I remember reading headlines in the sleepy village on the coast of Brittany where I live, when an email from an editor popped into my inbox: Do you want to go to Ukraine for us? Once upon a time I had been a war correspondent in Iraq, Lebanon, and Egypt during the Arab Spring, but over the past few years I had started writing about food as a way to illustrate larger issues: ecology, economics, identity. I briefly weighed the article about onions I was working on against the Russian invasion. Forty-eight hours later I was in Ukraine. Call it muscle memory, my brain switched from peace to war as soon as I pulled on my Blundstone boots. All the everyday stuff—grocery shopping, admin, social events, diary entries known as “plans”—fell away.
Ukrainians were forced to make this transition at gunpoint. Very suddenly, actions were reduced to reflexes: fight or flight.
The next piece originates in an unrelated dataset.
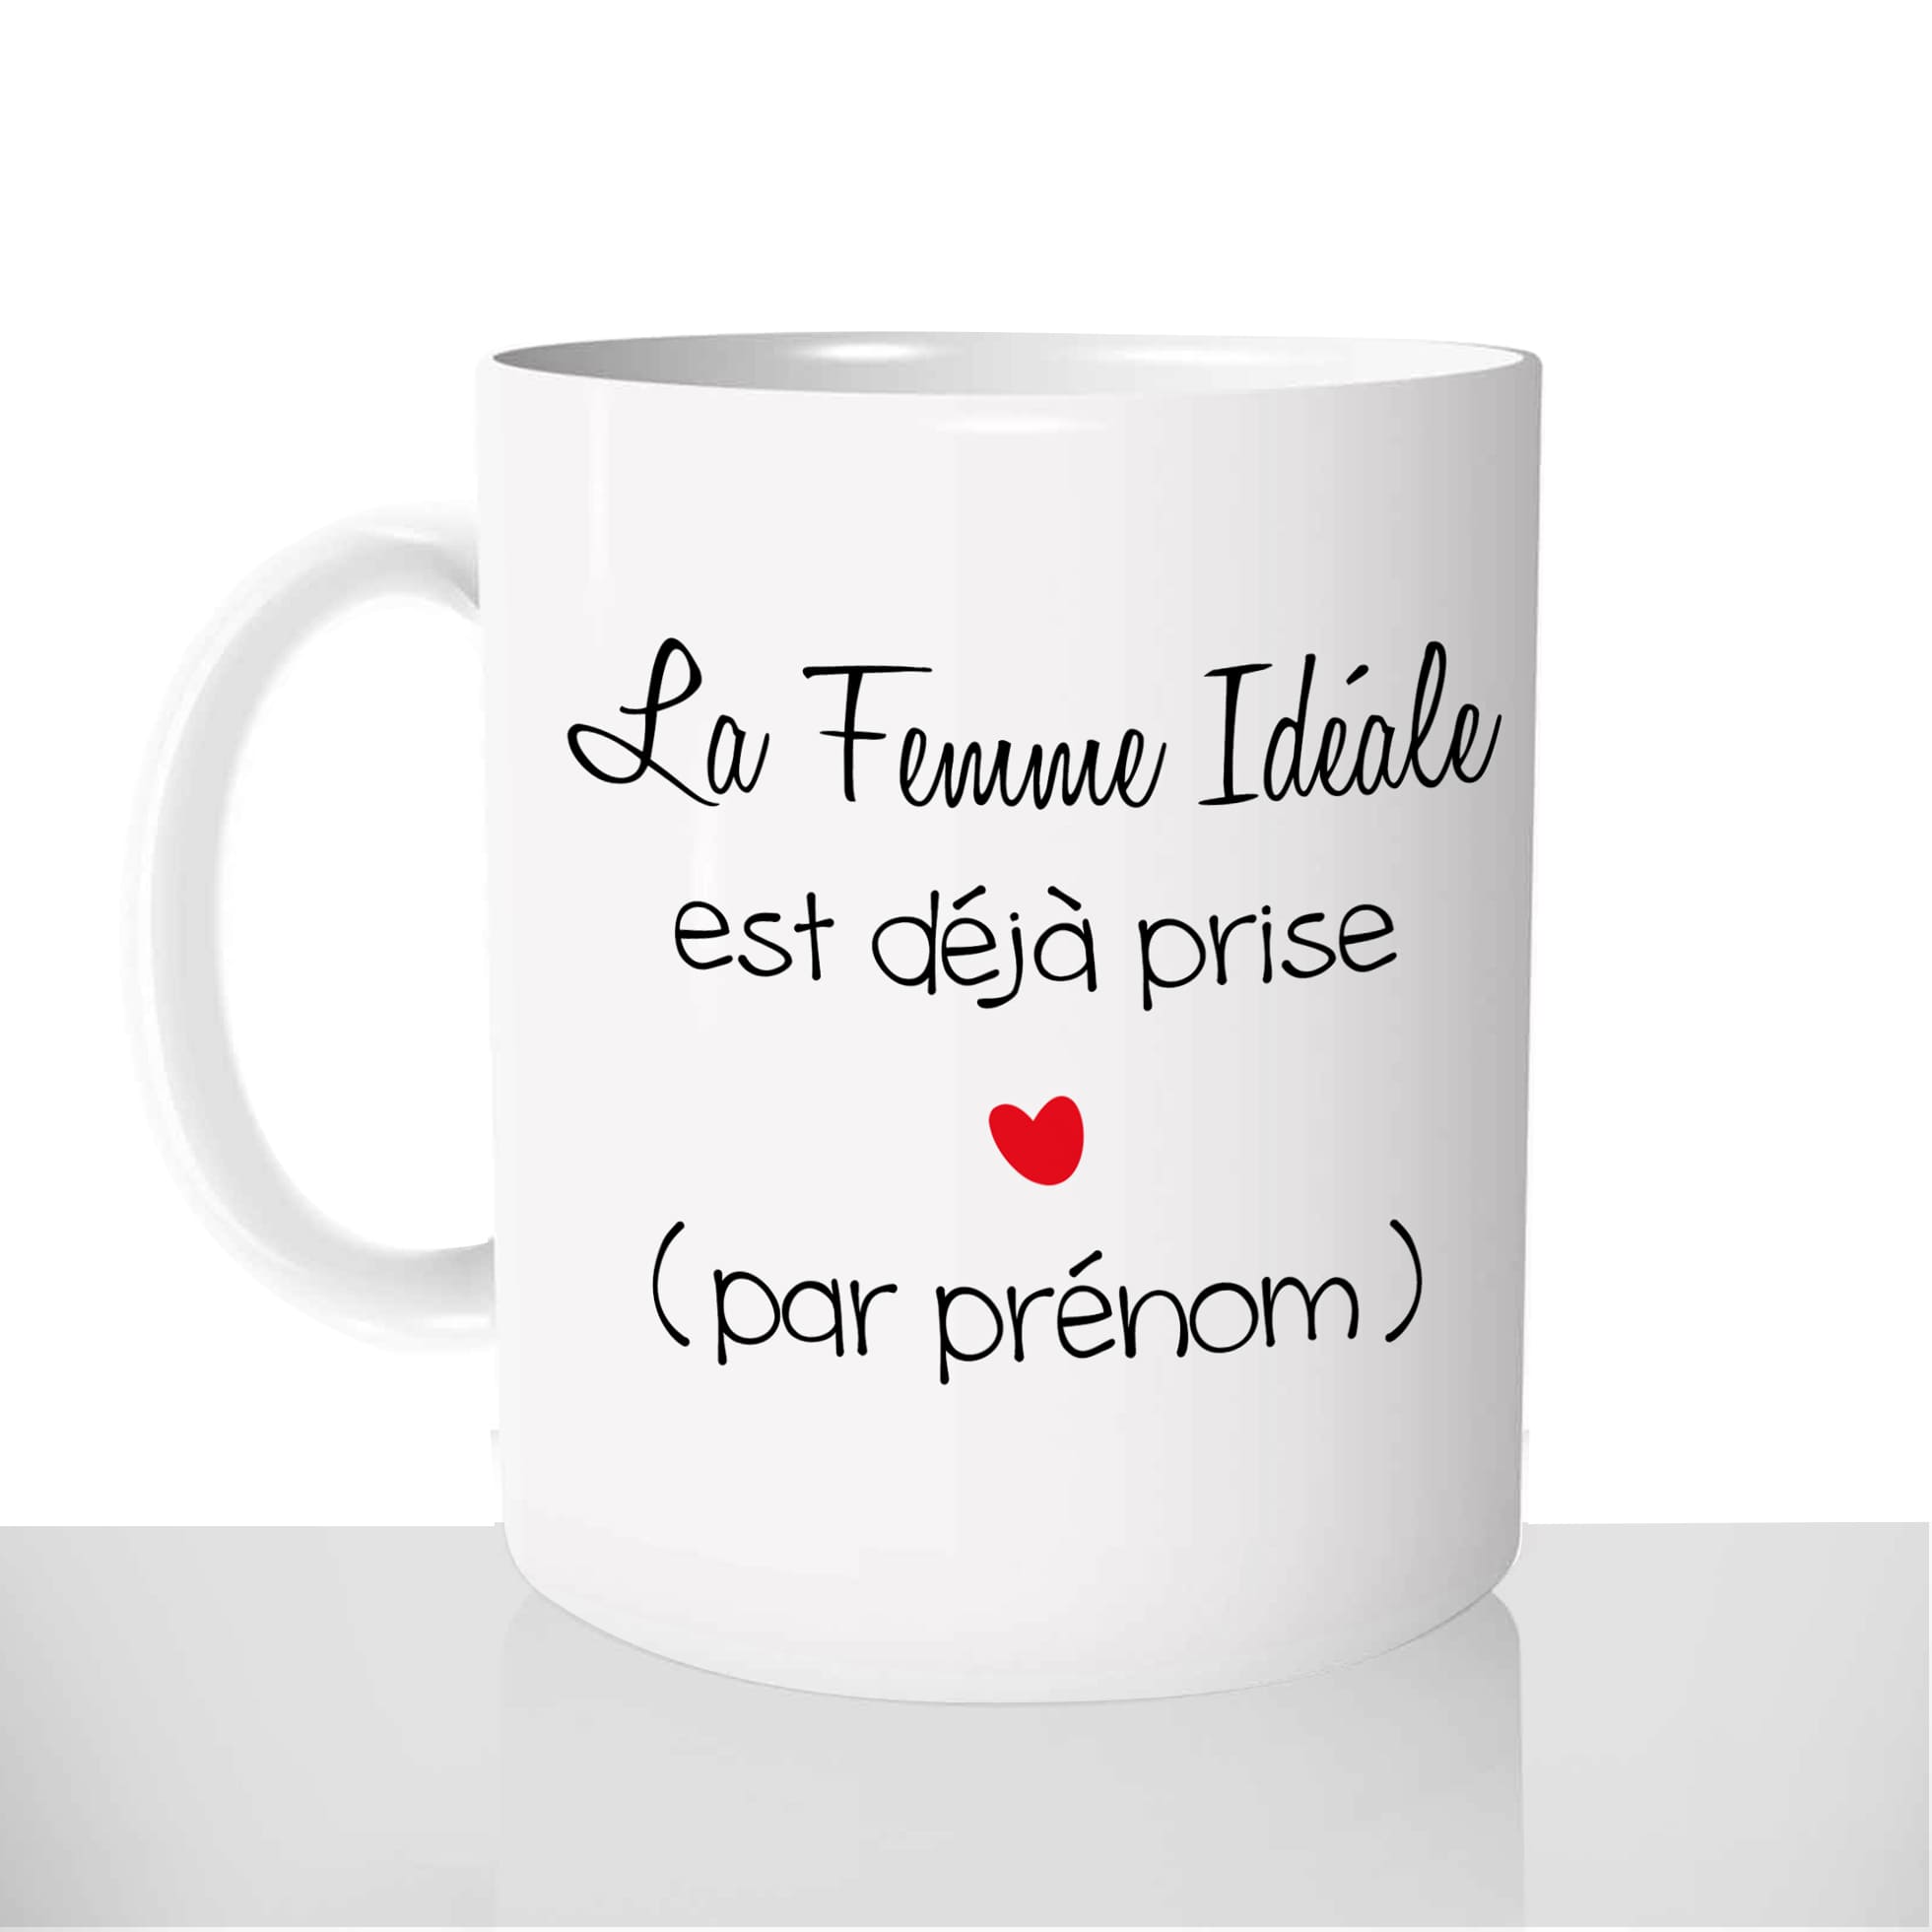 mug-blanc-céramique-personnalisable-tasse-11oz-saint-valentin-femme-idéale-couple-amour-prenom-personnalisé-fun-idée-cadeau-original

In the western city of Lviv I saw volunteers for the Territorial Defense Force lined up in the street in borrowed, mismatched camouflage; at the train station there were thousands of people queuing in snow flurries, carrying children and pets and whole lives in raw, chafed hands, evacuating from cities under bombardment in the east.
This story is from the November 2023 edition of Vogue US.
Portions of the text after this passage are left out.